## Data extracted from a collection
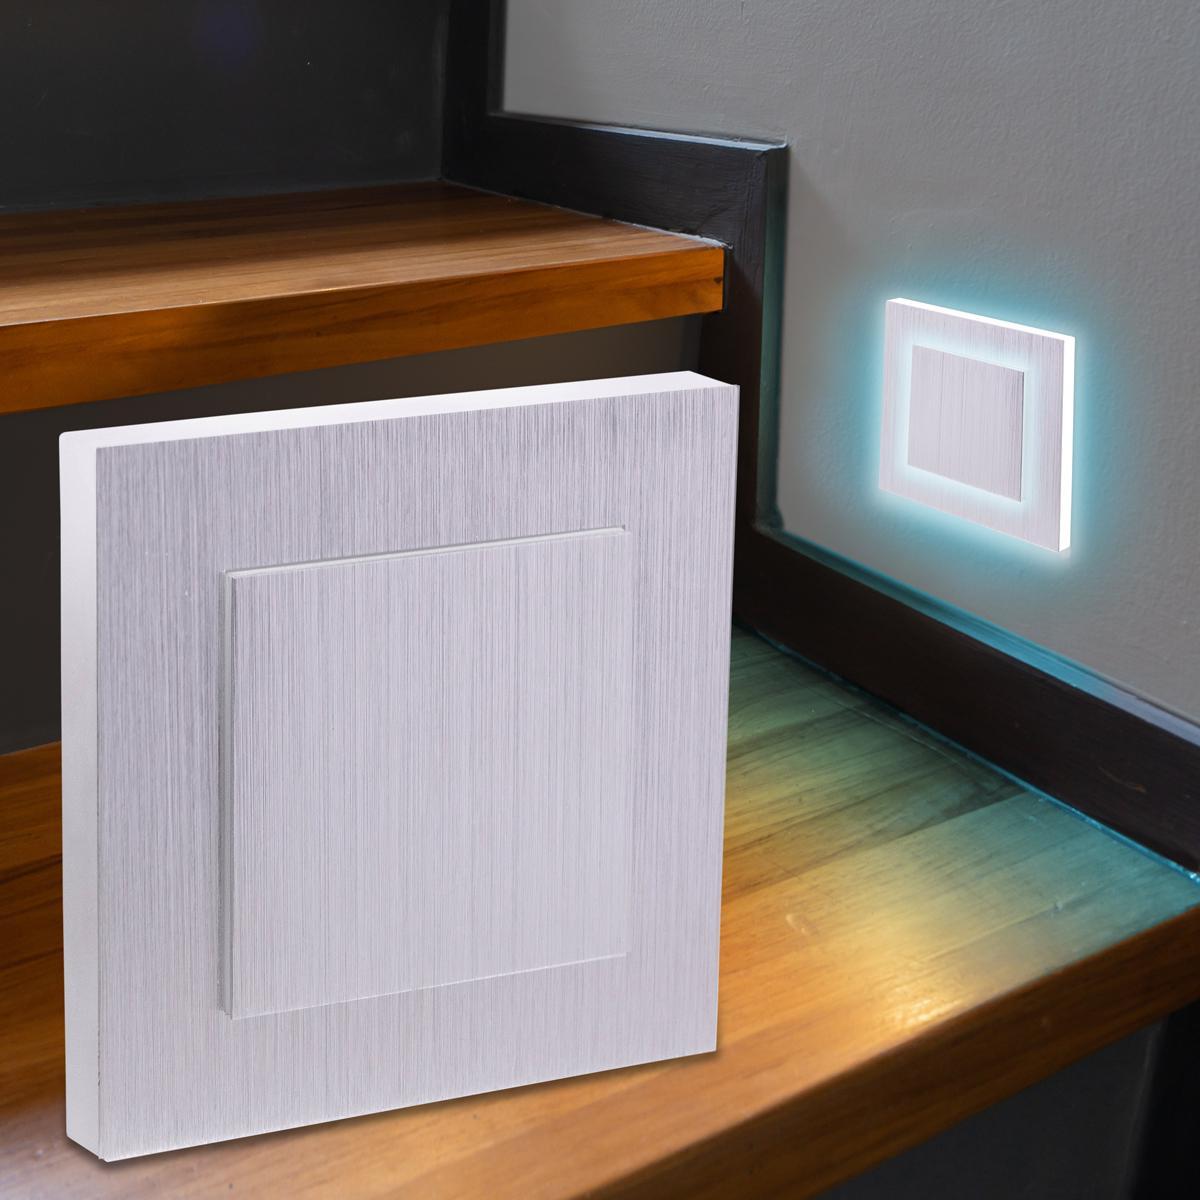 LED Treppenbeleuchtung Wandeinbauleuchte Kaltweiß 230V 1.5W Alu-gebürstet Lichtaustritt seitlich/doppelt
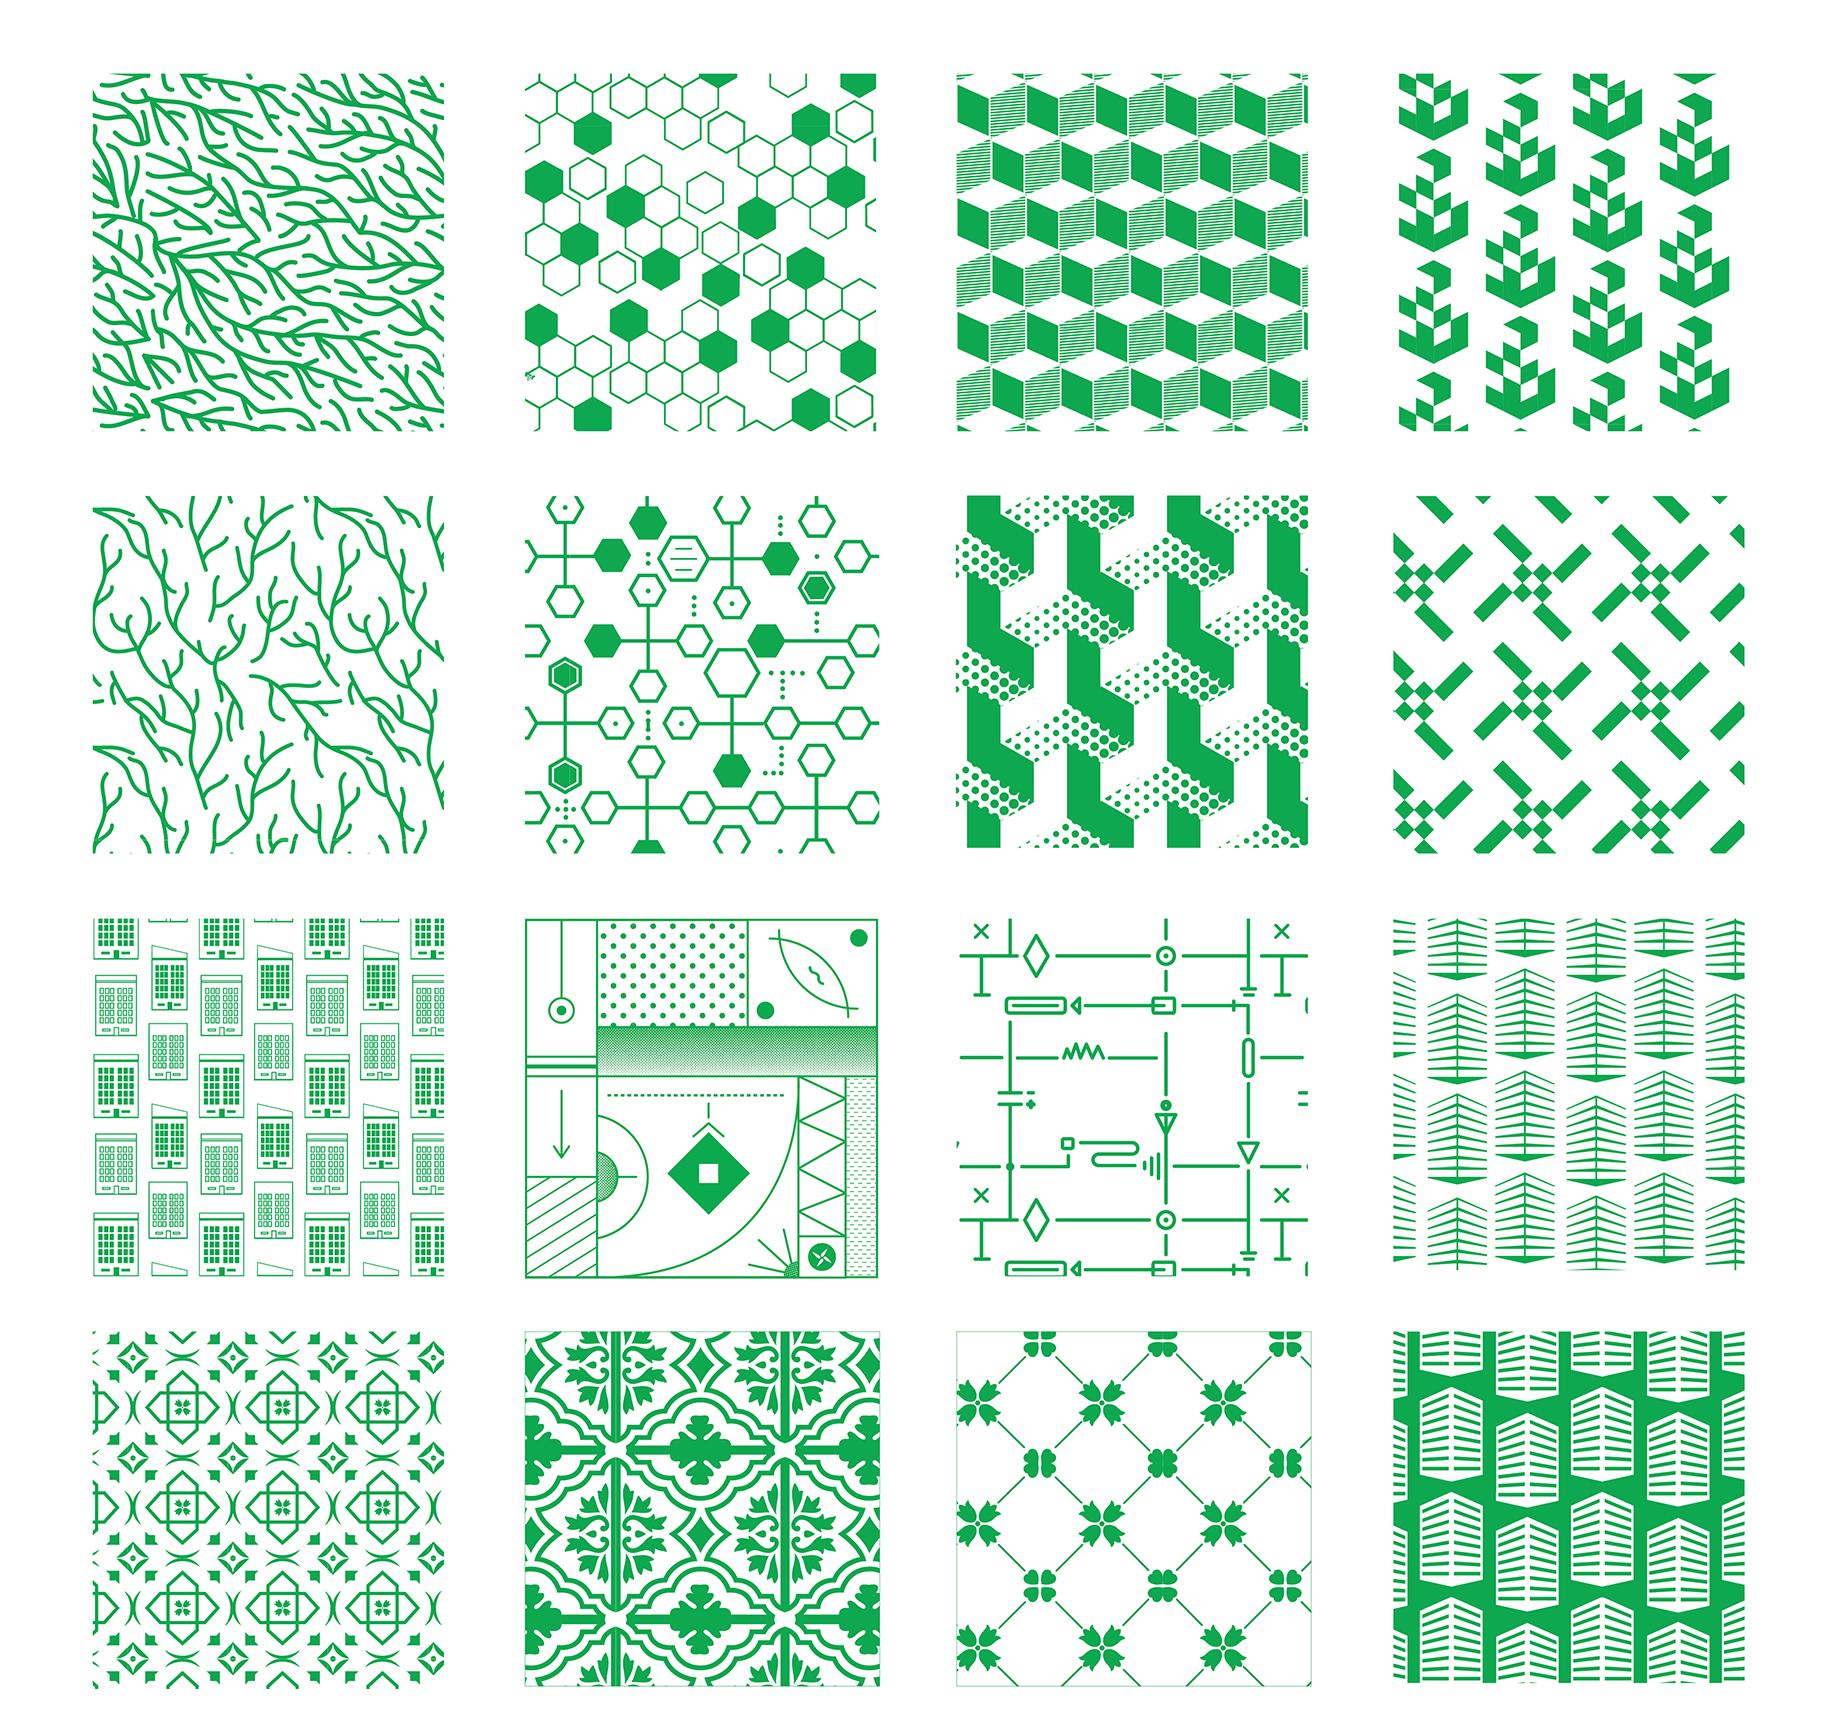 Patterns_Jungle_webste-01.jpg
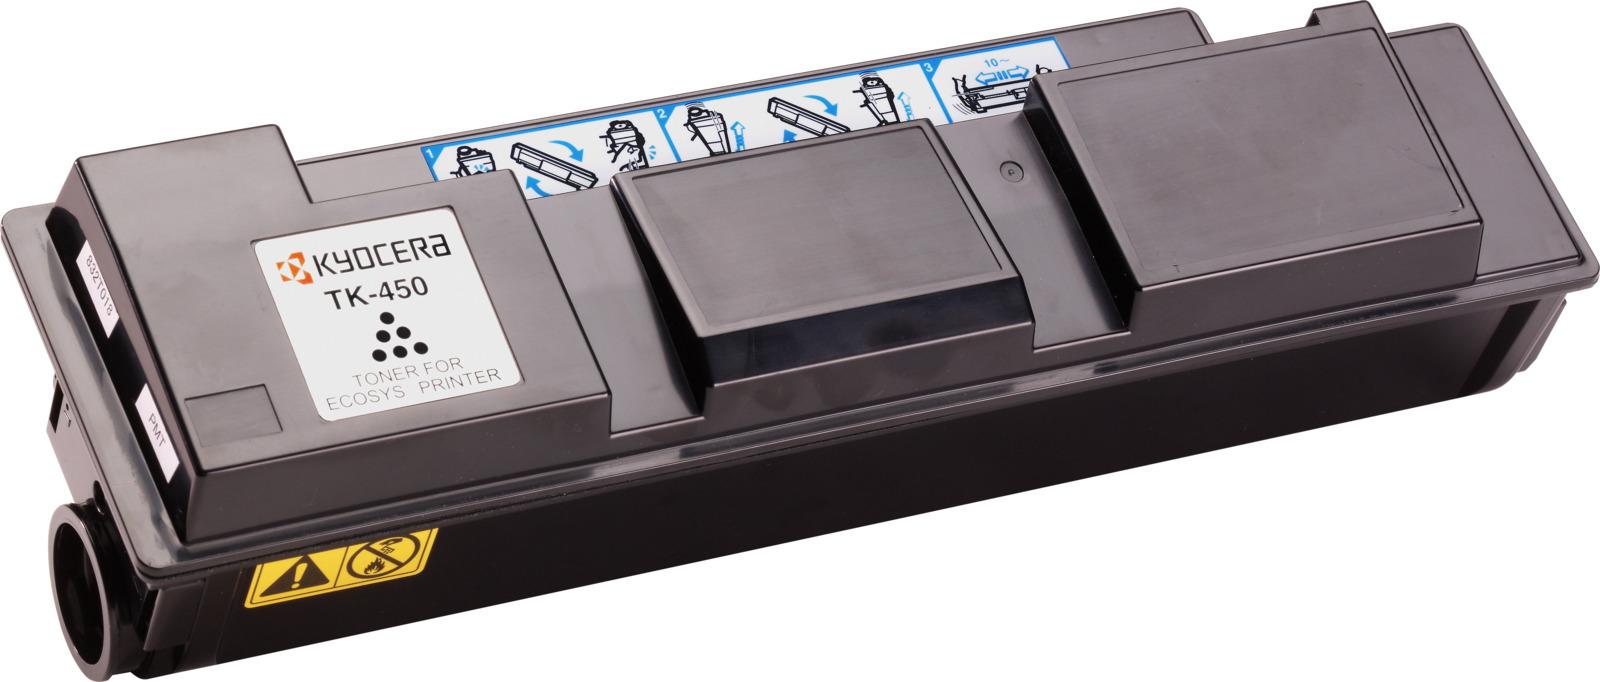 Картридж Kyocera TK-450, черный, для лазерного принтера
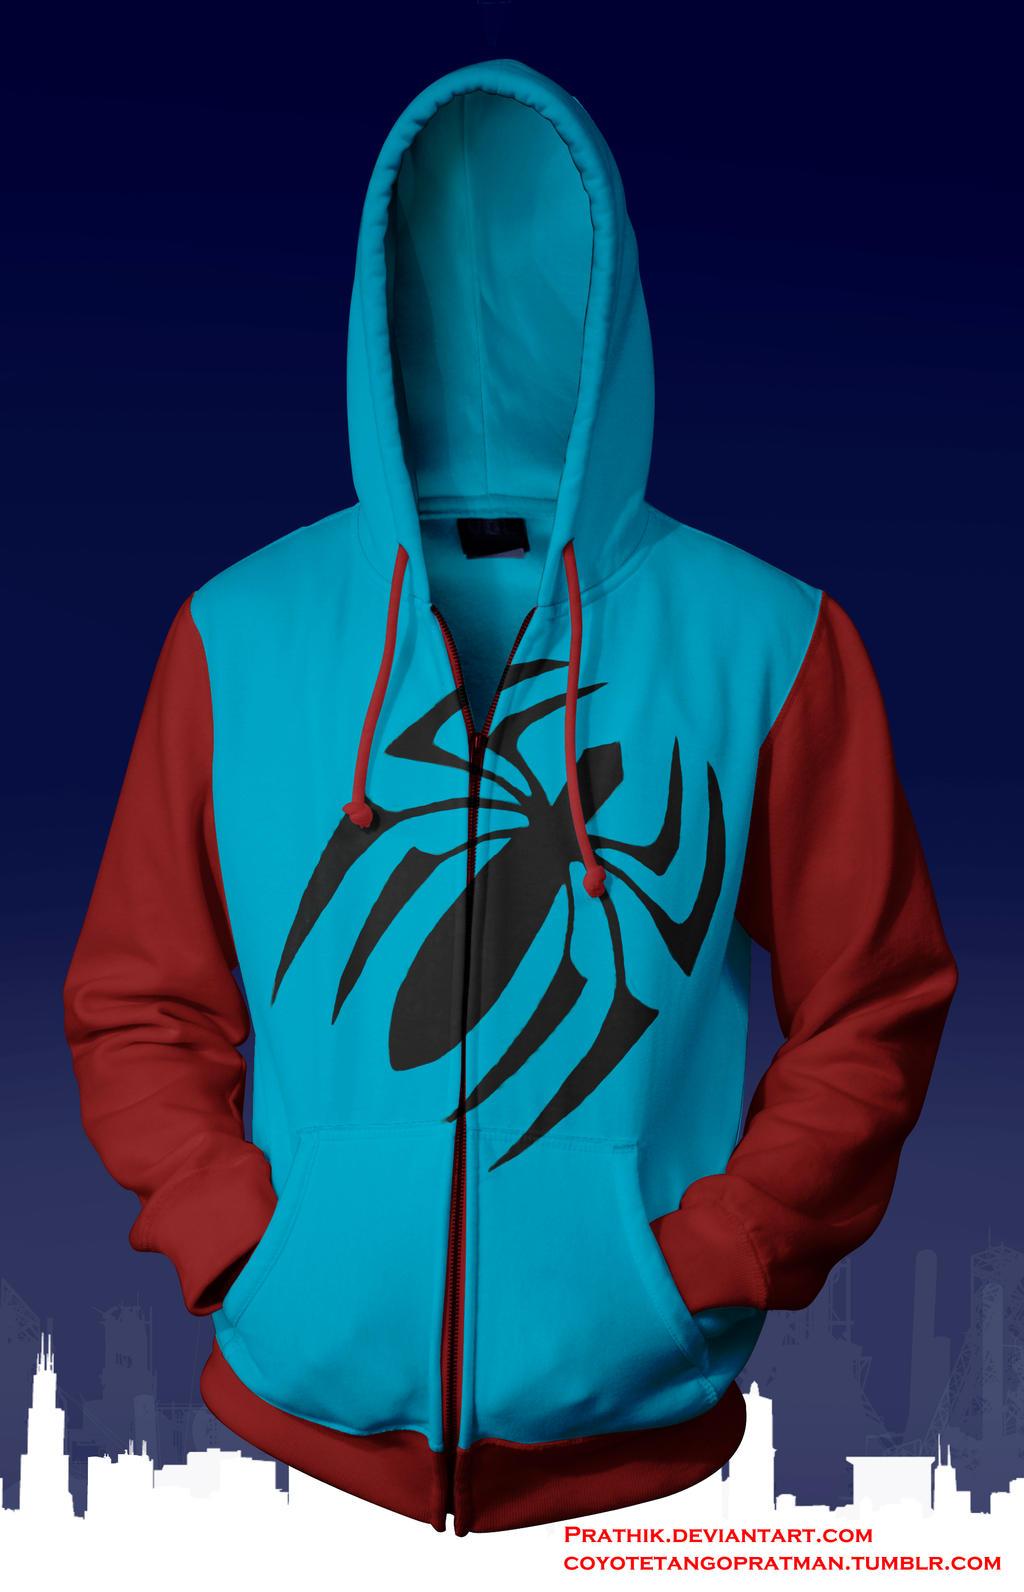 Scarlet Spider (Ben Reilly) Hoodie by prathik
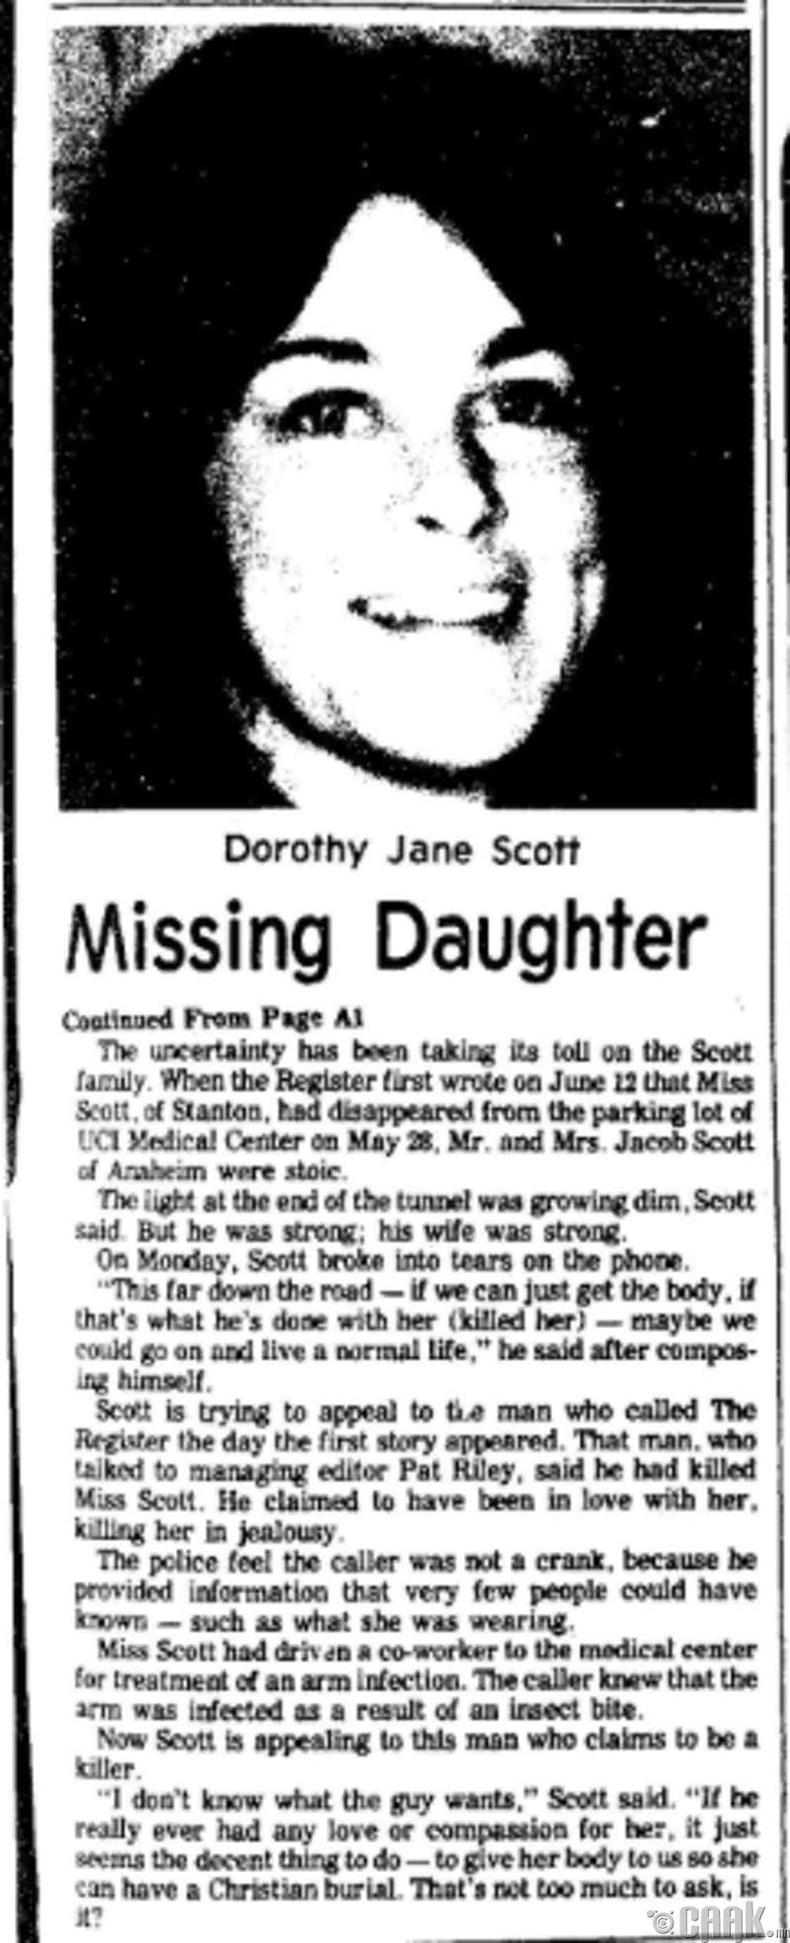 Дороти Жэйн Скотт (Dorothy Jane Scott)

## WHAT NEEDS TO BE DONE
Every line from the line containing "Scarlet Spider (Ben" through the last line above is to be printed exactly. Pictures are not copied.

## SOLUTION FOR THIS EXERCISE
 Scarlet Spider (Ben Reilly) Hoodie by prathik
 Дороти Жэйн Скотт (Dorothy Jane Scott)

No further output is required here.